I am posting as I need some ideas for my best friends hen night that I have volunteered to organise  

I have some ideas already:

All attendees bring a photo that includes bride to be and for it to be placed in a scrap book and they fill it in explaining story etc?
Do a Mr and Mrs style game where we ask her the questions (get the answers from DH to be) and for every answer wrong she drinks a shot?


Shes wants something really original and I am at a loss.....we will be at hers for about 2.5 hours before leaving to hit the town to a cocktail bar then on to a club.

Please help girls...I know how imaginative you can all be  

Em xx


----------



## Caz (Jul 21, 2002)

Sounds like you have already got some very good ideas there.

How about fancy dress or themed dress? 

What about designing your ideal man. All you need are a couple of old catalogues or celeb magazines, cut out pictures of torsos, head, arms, legs etc. (might help to stick them on some card to, ah, stiffen them up a bit  ) and get each hen to make their ideal man form the parts - assuming, of course, they don't all fall out over the same body parts!
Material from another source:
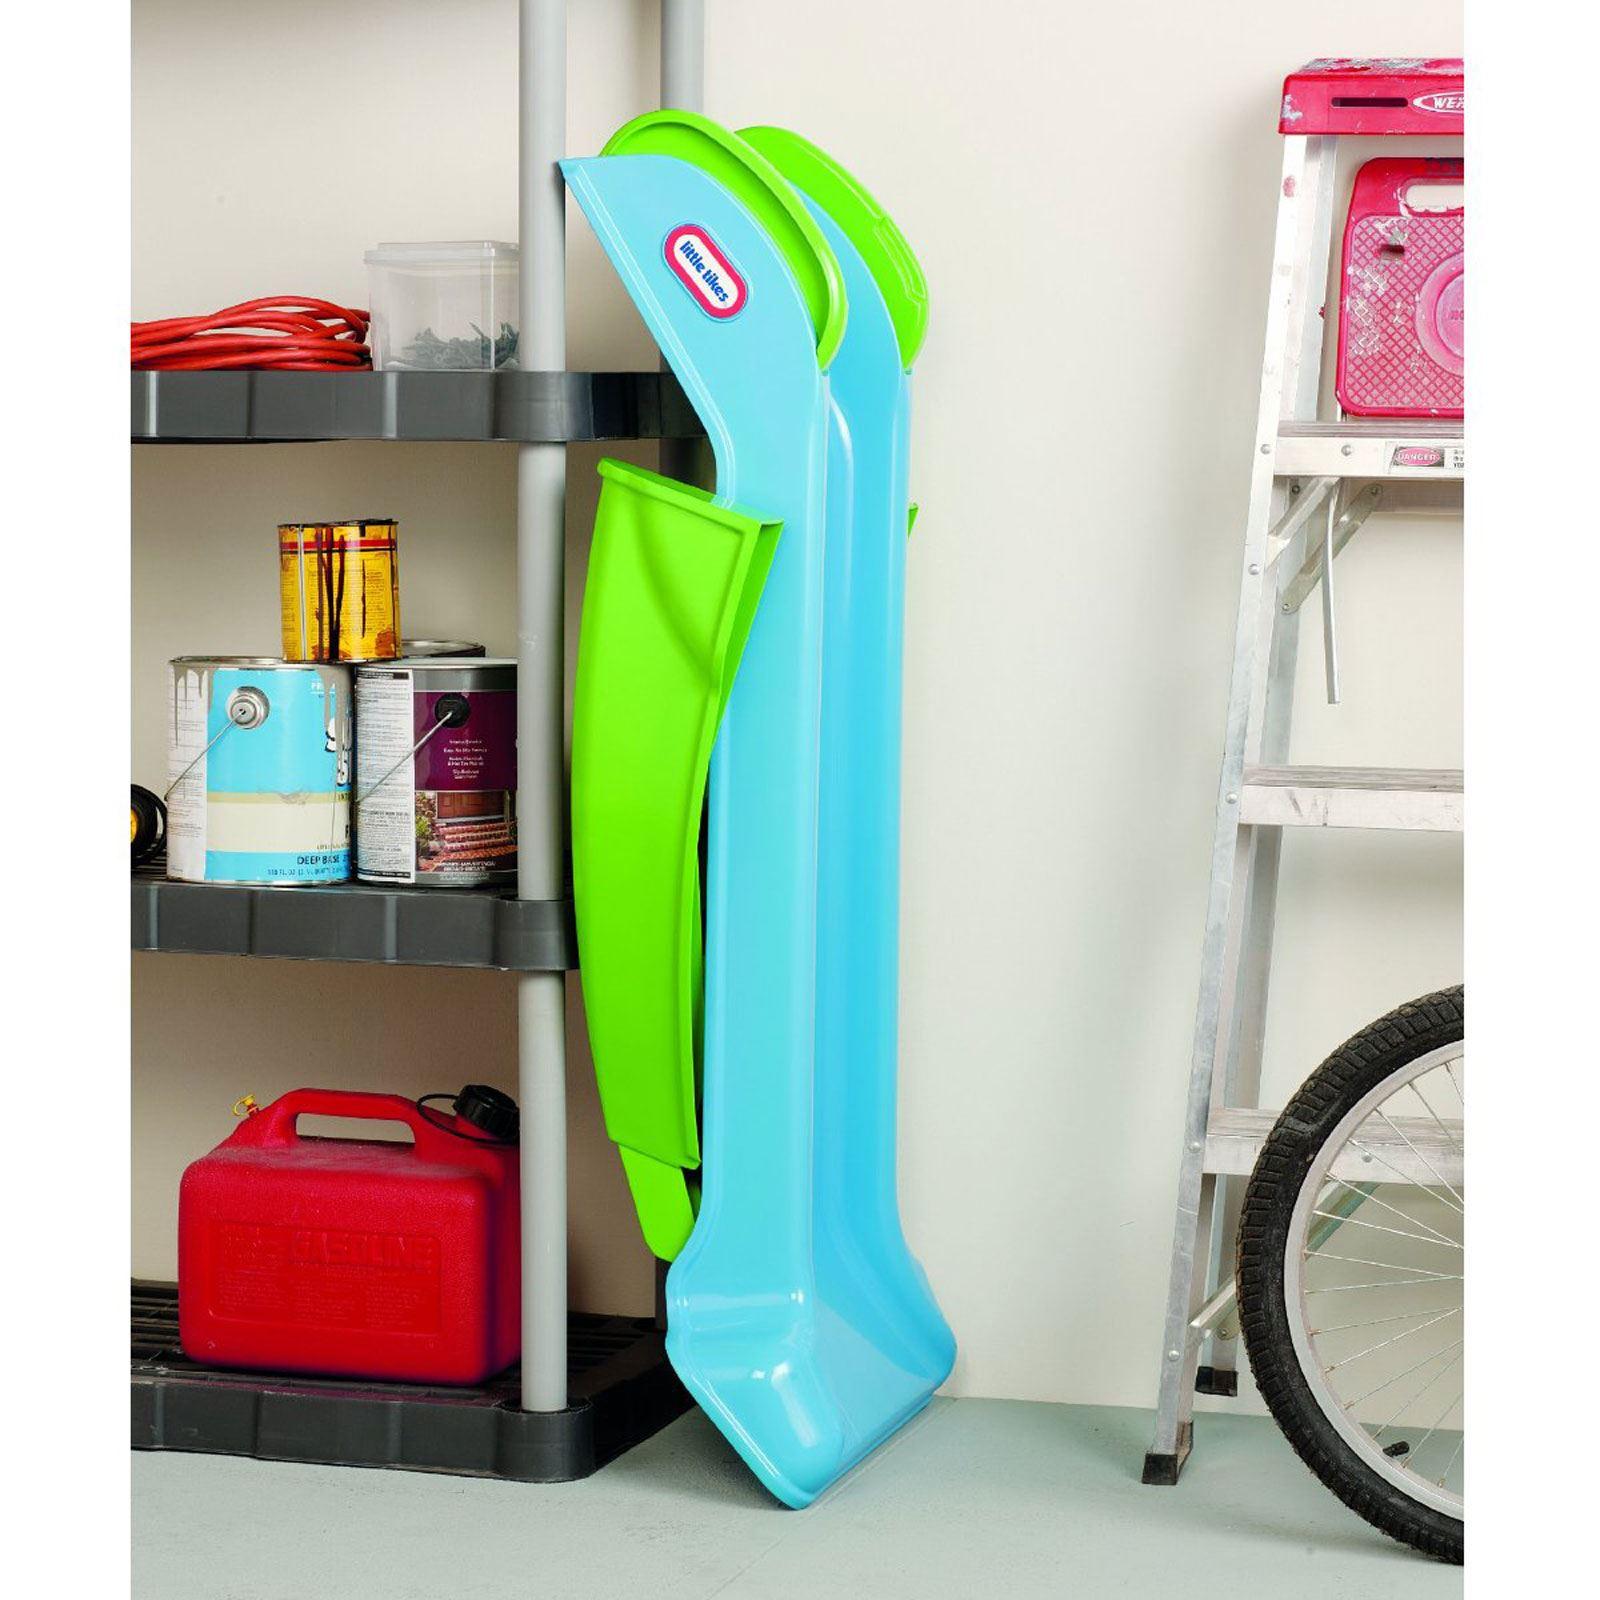 little tikes mein erstes rutsche blau gr n kinder. Black Bedroom Furniture Sets. Home Design Ideas

When you hit the town, how about set her a series of challenges - nothing naughty just things like, get a stranger to give her a sock, kiss a policeman, convince some strangers she's forgein and lost, find a man with a hankerchief and ask to use it... I am sure you can think of others that are safe and legal!

C~x


----------



## MummytoKeira (Jan 5, 2005)

Caz love the challenge ideas!!! MMMMM... now what can I think of?


----------



## S4rah (Nov 10, 2003)

can't think of any other ideas, but the other suggestions seem great so can i come?


----------



## Baxy (Mar 19, 2005)

Hi hun

I organised my best friends hen night 3 years ago in Barcelona.  One of the things that I did with her that went down well was give her a throw away camera and she had to take a picture of herself with something beginning with every letter of the alphabet, a for airport, b for bin etc etc!  It got funnier and funnier as the weekend progressed and the more drunk we got!!  Plus it meant shes got some really funny pictures to remember the weekend by.

I also got some embarrassing pics of her from when she was younger and got everyone to guess how old she was. (good to do at the house?) 

She had challenges too, be a human statue for 3 mins, kiss someone old, new borrowed and blue, get a sock from a man etc etc.

I'll have a think for any other stuff that we did, for some reason I can't seem to remember all of it


----------